Wednesday, December 13, 2006


15) Justin Timberlake – FutureSex/LoveSound
Do I begin with an apology? I feel perhaps I should, tainting a fantastic collection of countdowns with white boy R&B. But I don’t want to apologize; I’ll save apologies for later. At first I hated (hated!) this album. It had absolutely no hooks, the lyrics were insipid and it just seemed mushy. Honestly, I wanted a “Justified II” with mega-hits I could blast in my car and guiltily sing along with—I didn’t want some vain attempt at pop opera. However a “Justified II” wouldn’t have made my list, I wouldn’t have even thought about including it. But this album, with its seven minute pop epics bleeding into one another, mixing falsetto with impenetrably complex beats and crunk rap, deserves a spot. That’s all I got.

14) The Rapture – Pieces of the People We Love
The first time I listened to “Don Gon Do It” I thought I had the wrong album.

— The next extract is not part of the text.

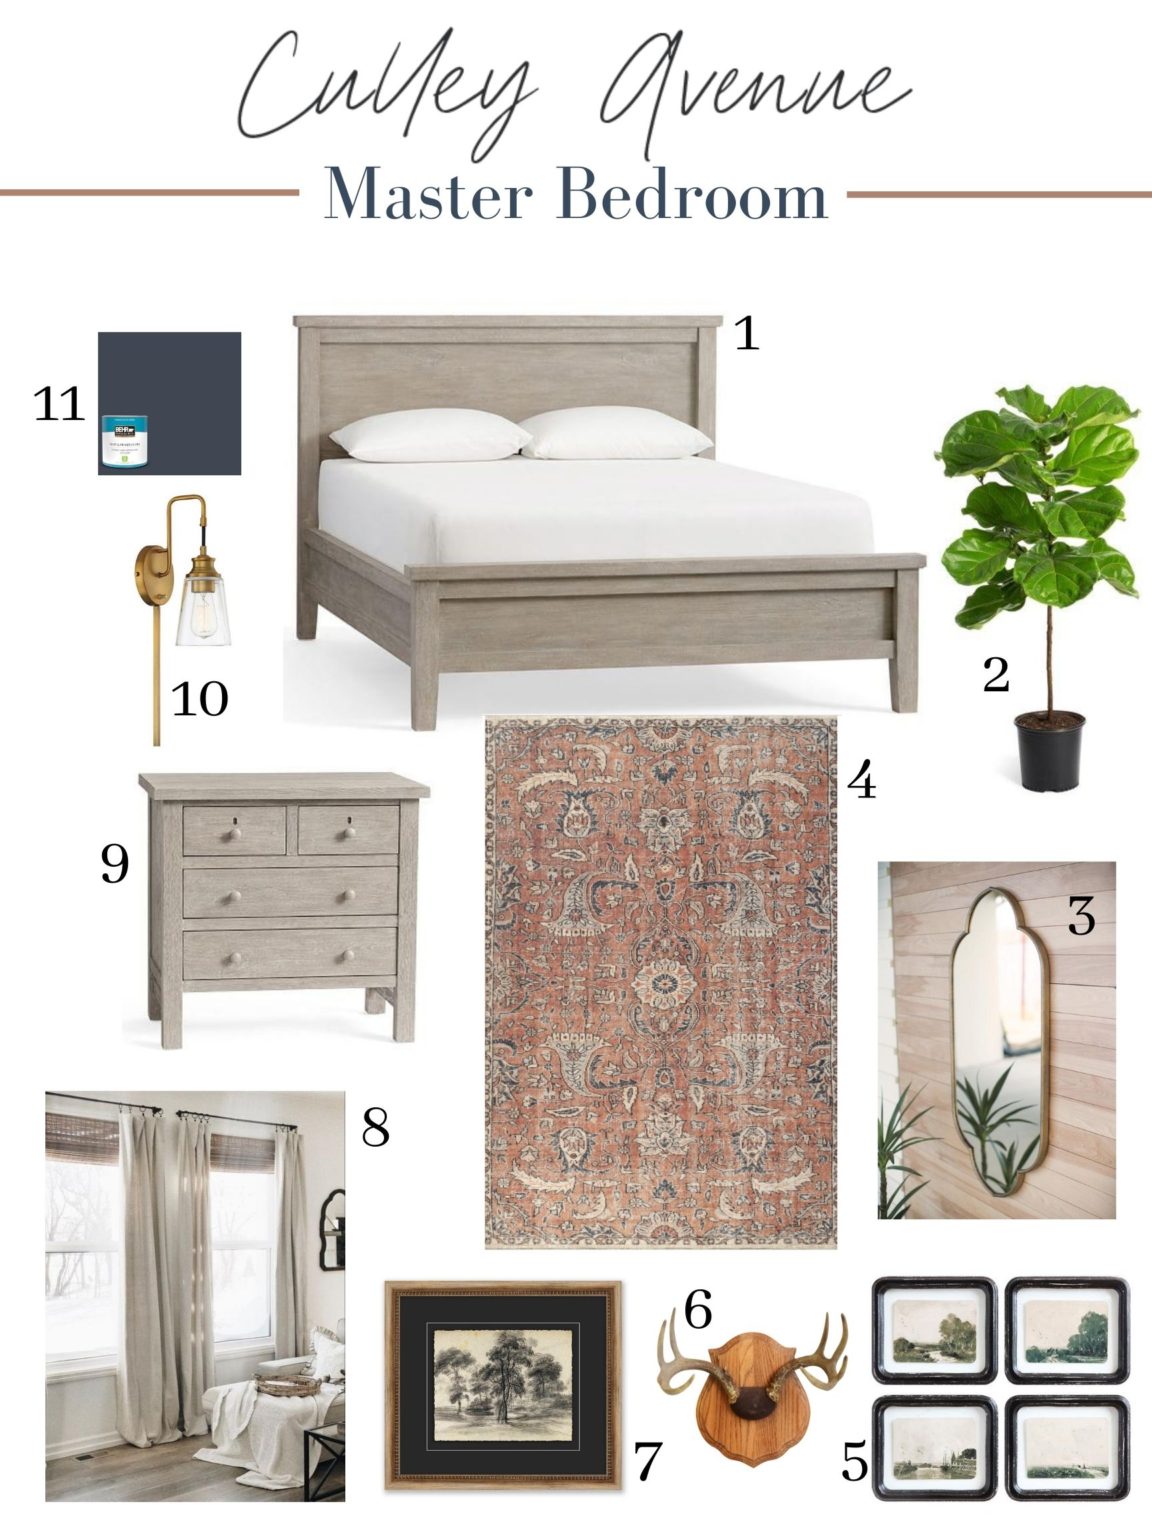 Farmhouse Master Bedroom Remodel on a Budget - Culley Avenue

The voice was unmistakable but this was not “House of Jealous Lovers” or “Heaven.” Those songs were catchy in their own right, but this, this catchiness was nearly indescribable. I checked it out and yes, I did have the right album, so then I figured the first track was a fluke, but again I was wrong. I can’t pick out a favorite track on this album, don’t ask me to, any one of makes me bob my head uncontrollably, losing myself in the completely fuzzed out, funkified bass.

13) Benoit Pioulard – Precis
Before I picked up this album I read a review advising me to crank this quiet album as loud as possible. So I did. Some music can be described as airy, atmospheric or breezy. I would describe “Precis” as windy—gusty even. Beneath the soft (though perfectly produced) strumming and the breathy (yet oddly dark) vocals exists a wind storm that fills the room. Beginning with the three minute long opener of beautiful white noise to the happy, almost jangly “Ash into the Sky” this album remains captivating. When the entire album finishes under thirty seven minutes you just want to listen again.

12) Lupe Fiasco – Food and Liquor
Clipse allows you to escape in their stories of packing heat, and getting with every honey in the joint. Lupe makes you feel ashamed of the ghetto life style you never lived. You feel bad for being the chauvinist asshole you most certainly are. Lupe’s confidant flow quickly berates you and moves on before you’re quite sure what happened. Some could argue his beats have a bit too much going on, that he could keep it simpler, but the beat needs all the help it can get to keep up with Lupe’s frantic flow.

11) Beth Orton – Comfort of Strangers
Beth Orton is pissed. There are those people who, when angered, lash out with venom dripping from their mouths, biting you with their bitter, enraged words. But such an attack rarely leaves a lasting mark. There are other people, however, who don’t change the tone of their voice, nay they may even smile when they snap at you so that you don’t even notice you’ve been stung. But eventually their words begin to eat at you, restlessly you stare at the ceiling wondering what the hell you could’ve done wrong. Such an attack leaves scars. Orton cuts deep.


Michael said...

austin, half of everything i listen to is white boy R and B. herbert and jamie lidell are white boy R and B. rock and roll started out as white boy r and b.

Jordan Harp said...

rock and roll started out as black boy R and B and just didn't catch on till it was whited. i need to check out that benoit pioulard and beth orton. you've gotten into the things i've never heard, austin. this is become a fruitful operation.

oh man, the dots. check out this new album, but wow...there are sooo many.